ASSIGNED TASK
Reproduce the listing below word for word, with no pictures.

*** COLLECTED DATA

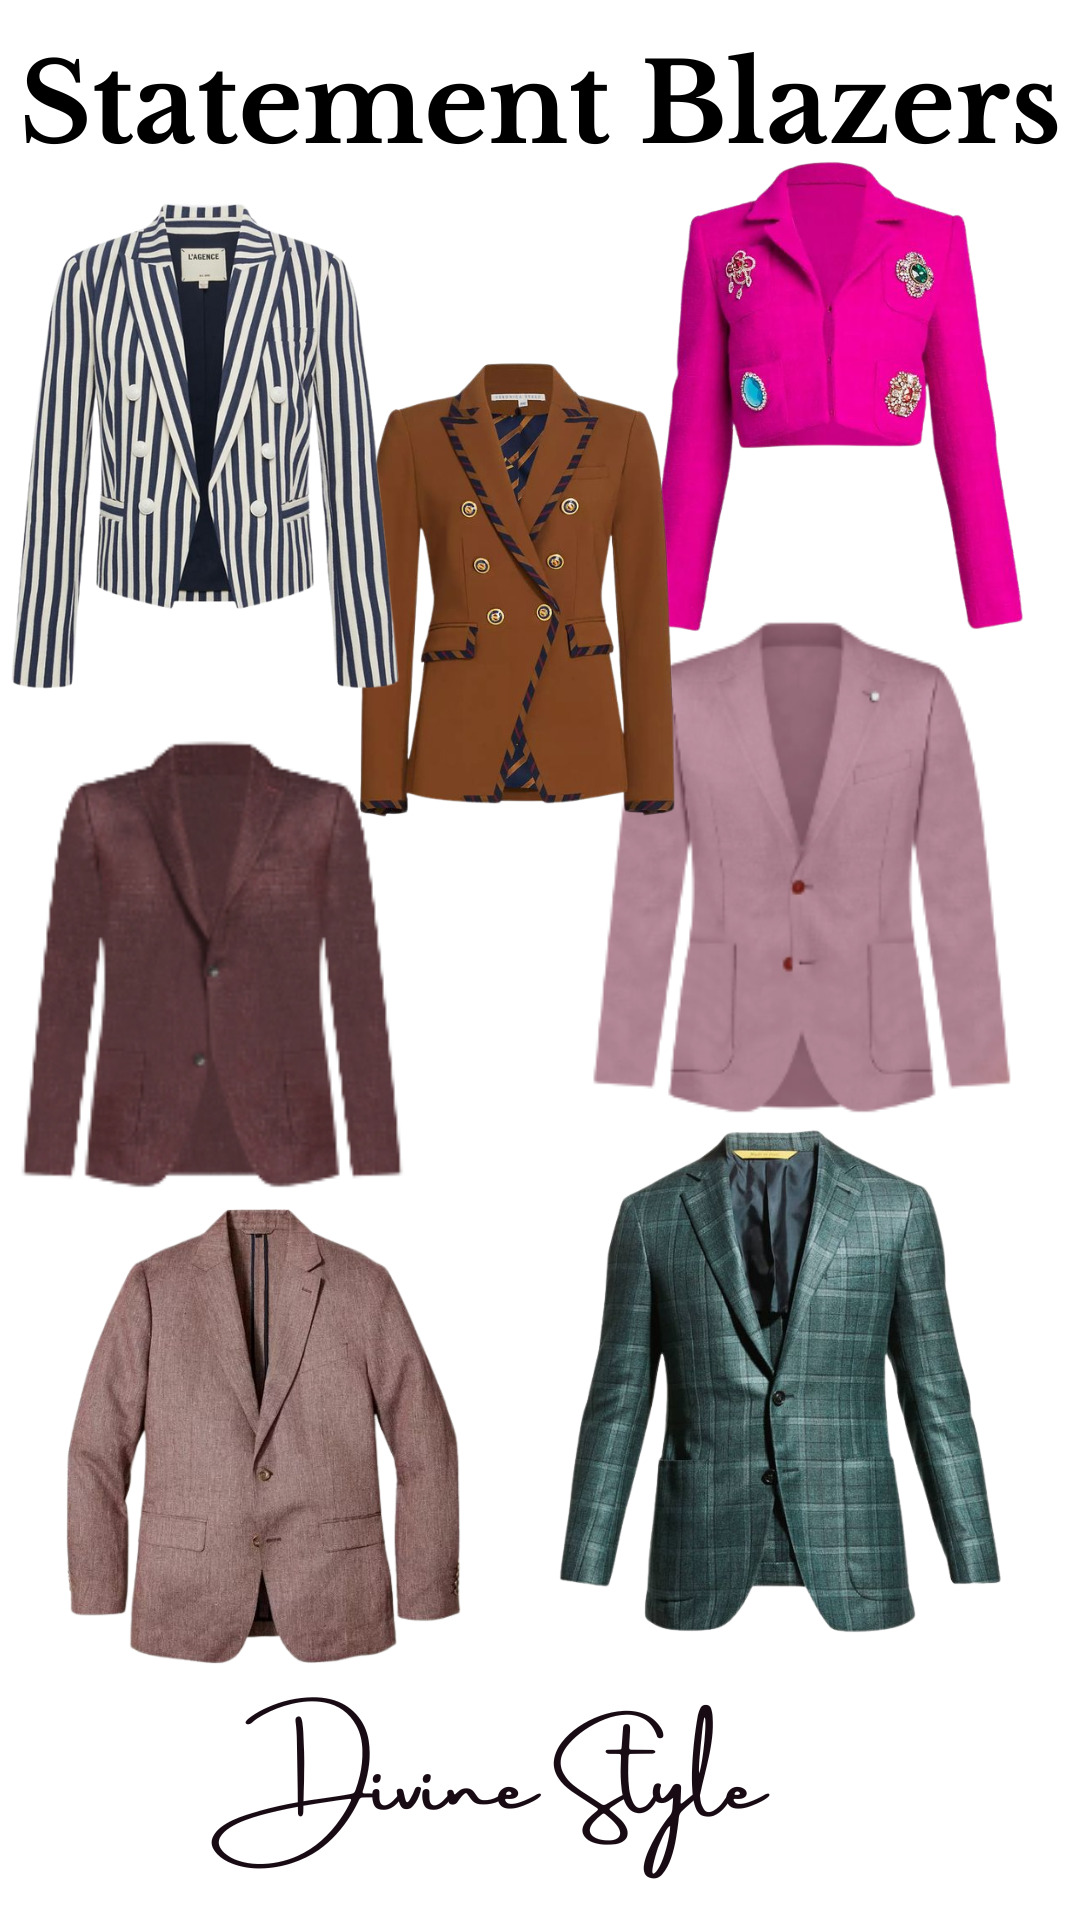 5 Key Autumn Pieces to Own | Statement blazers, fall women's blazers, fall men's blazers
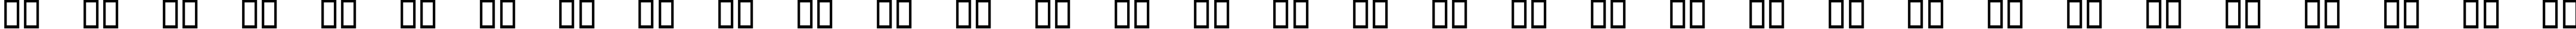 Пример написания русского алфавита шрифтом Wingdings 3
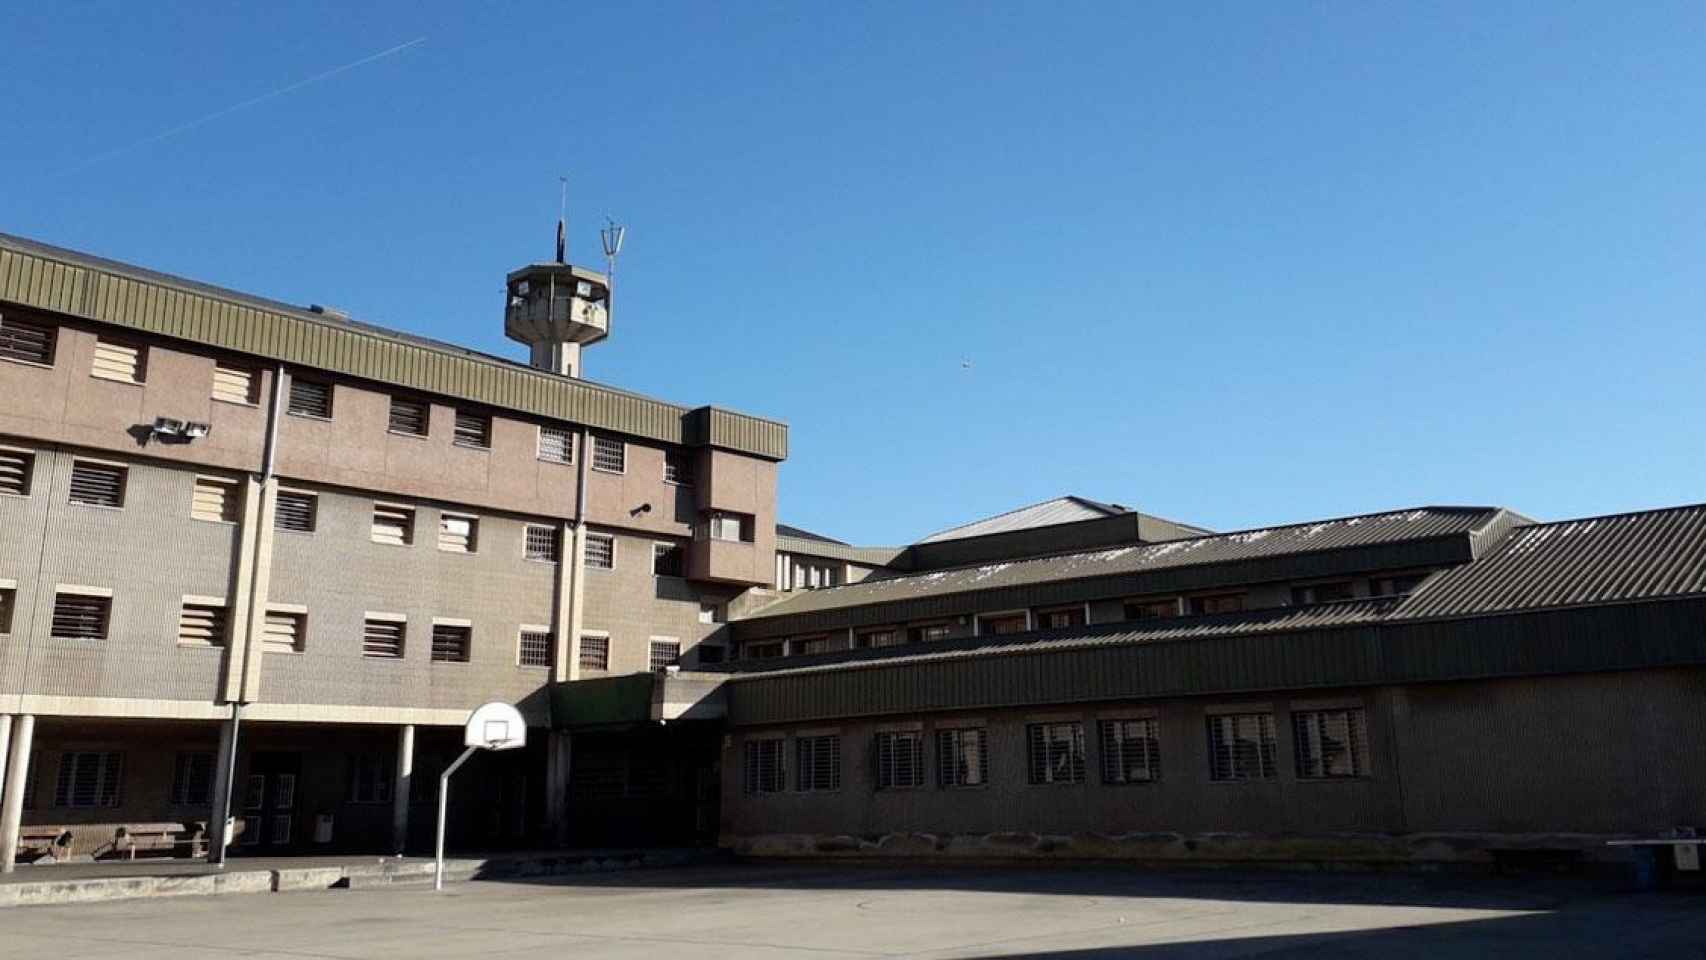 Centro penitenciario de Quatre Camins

******

WRITTEN ANSWER
 5 Key Autumn Pieces to Own | Statement blazers, fall women's blazers, fall men's blazers
 Пример написания русского алфавита шрифтом Wingdings 3
 Centro penitenciario de Quatre Camins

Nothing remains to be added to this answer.